The FAIR Principles herald more open, transparent, and reusable scientific data
Today, March 15 2016, the FAIR Guiding Principles for scientific data management and stewardship were formally published in the Nature Publishing Group journal Scientific Data. The problem the FAIR Principles address is the lack of widely shared, clearly articulated, and broadly applicable best practices around the publication of scientific data. While the history of scholarly publication in journals is long and well established, the same cannot be said of formal data publication. Yet, data could be considered the primary output of scientific research, and its publication and reuse is necessary to ensure validity, reproducibility, and to drive further discoveries. The FAIR Principles address these needs by providing a precise and measurable set of qualities a good data publication should exhibit – qualities that ensure that the data is Findable, Accessible, Interoperable, and Reusable (FAIR).
The principles were formulated after a Lorentz Center workshop in January, 2014 where a diverse group of stakeholders, sharing an interest in scientific data publication and reuse, met to discuss the features required of contemporary scientific data publishing environments. The first-draft FAIR Principles were published on the Force11 website for evaluation and comment by the wider community – a process that lasted almost two years. This resulted in the clear, concise, broadly-supported principles that were published today. The principles support a wide range of new international initiatives, such as the European Open Science Cloud and the NIH Big Data to Knowledge (BD2K), by providing clear guidelines that help ensure all data and associated services in the emergent ‘Internet of Data’ will be Findable, Accessible, Interoperable and Reusable, not only by people, but notably also by machines.
The recognition that computers must be capable of accessing a data publication autonomously, unaided by their human operators, is core to the FAIR Principles.
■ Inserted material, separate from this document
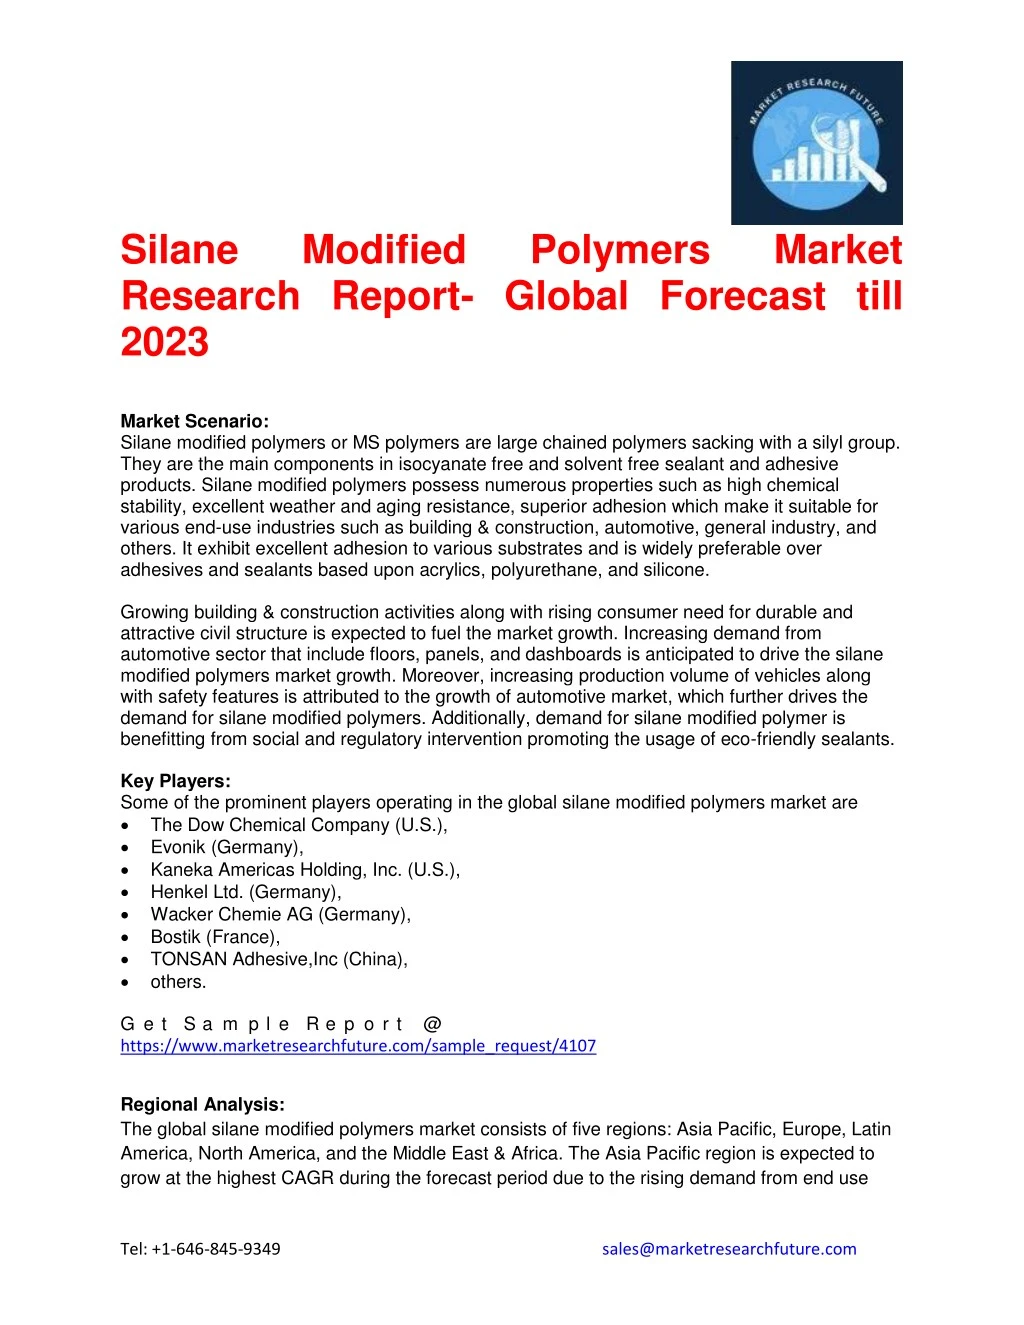 silane research report global forecast till 2023

Computers are now an inseparable companion in every research endeavour. Contemporary scientific datasets are large, complex, and globally-distributed, making it almost impossible for humans to manually discover, integrate, inspect and interpret them. This (re)usability barrier has, until now, prevented us from maximizing the return-on-investment from the massive global financial support of big data research and development projects, especially in the life and health sciences. This wasteful barrier has not gone unnoticed by key agencies and regulatory bodies. As a result, rigorous data management stewardship – applicable to both human and computational “users” – will soon become a funded, core activity within modern research projects. In fact, FAIR-oriented data management activities will increasingly be made mandatory by public funding bodies.
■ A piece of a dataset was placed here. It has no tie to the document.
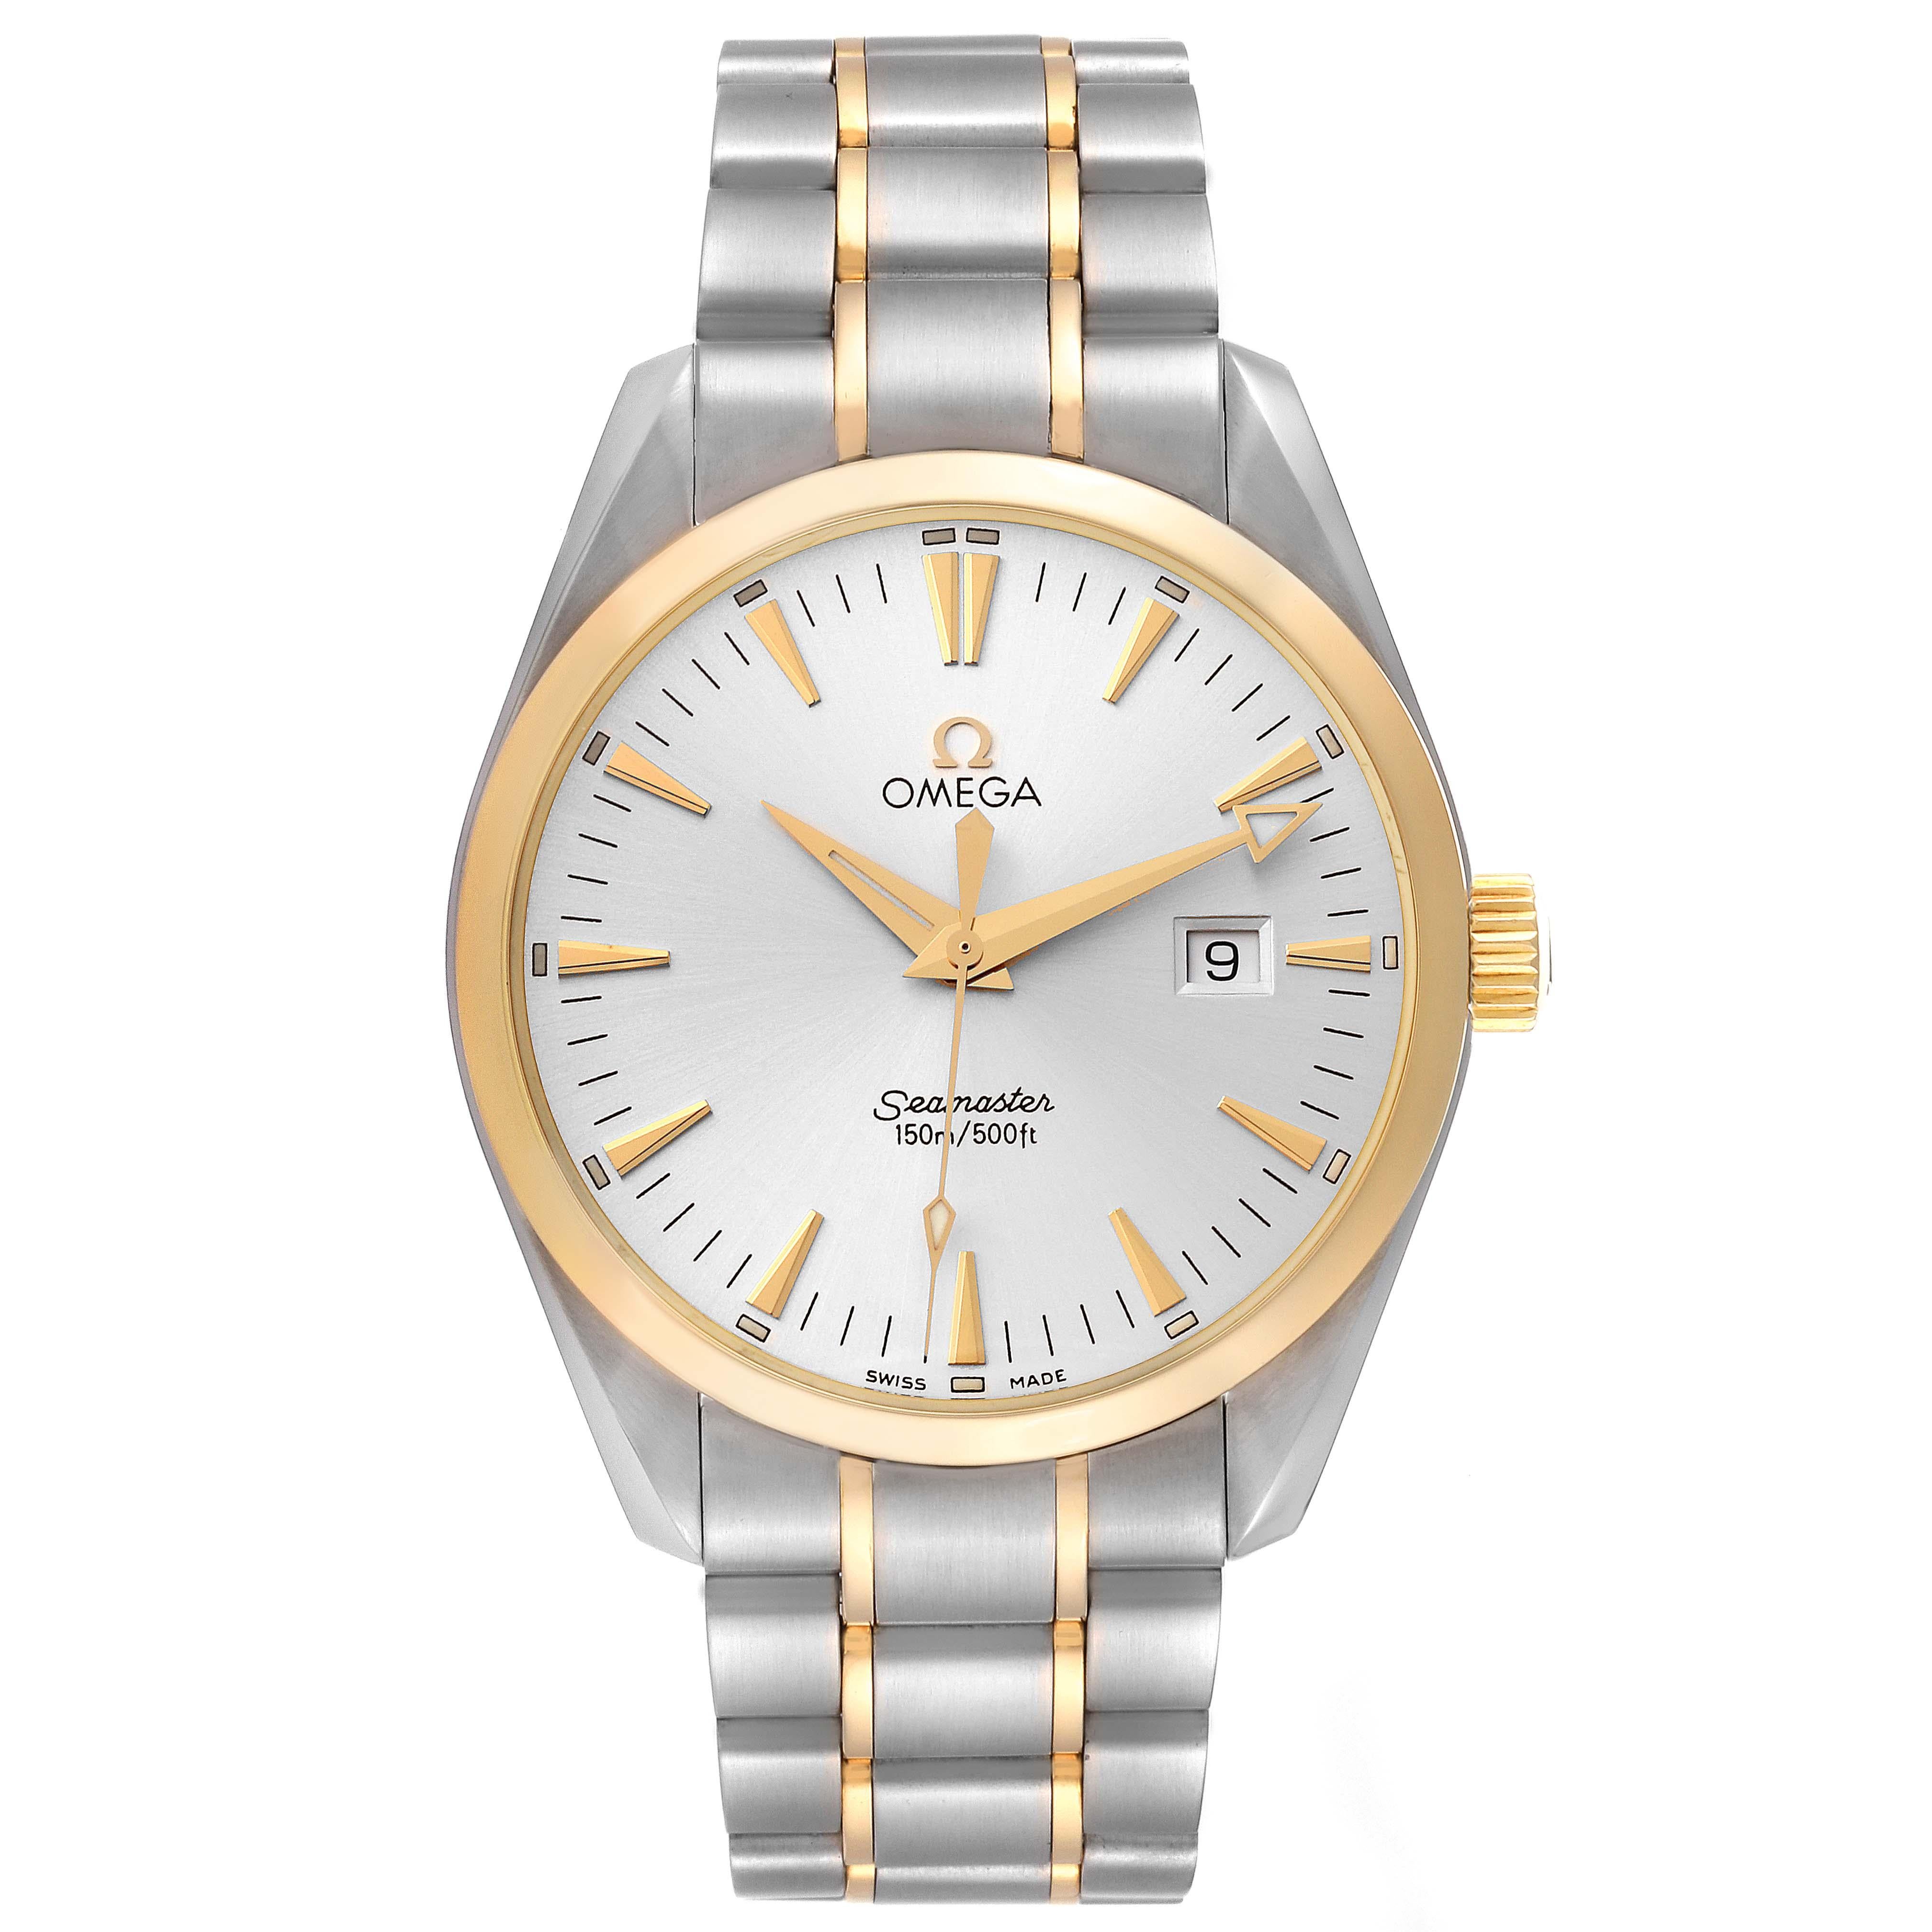 Omega Seamaster Aqua Terra 150M Steel Yellow Gold Mens Watch 2317.30.00. Quartz precision movement with rhodium-plated finish. Caliber 1538. Stainless steel and yellow gold round case 39.2 mm in diameter. 18k yellow gold smooth bezel. Scratch

The high level of abstraction of the FAIR Principles, sidestepping controversial issues such as the technology or approach used in the implementation, has already made them acceptable to a variety of research funding bodies and policymakers. Examples include FAIR Data workshops from EU-ELIXIR, inclusion of FAIR in the future plans of Horizon 2020, and advocacy from the American National Institutes of Health. As such, it seems assured that these principles will rapidly become a key basis for innovation in the global move towards Open Science environments. Therefore, the timing of the Principles publication is aligned with the Open Science Conference in April 2016.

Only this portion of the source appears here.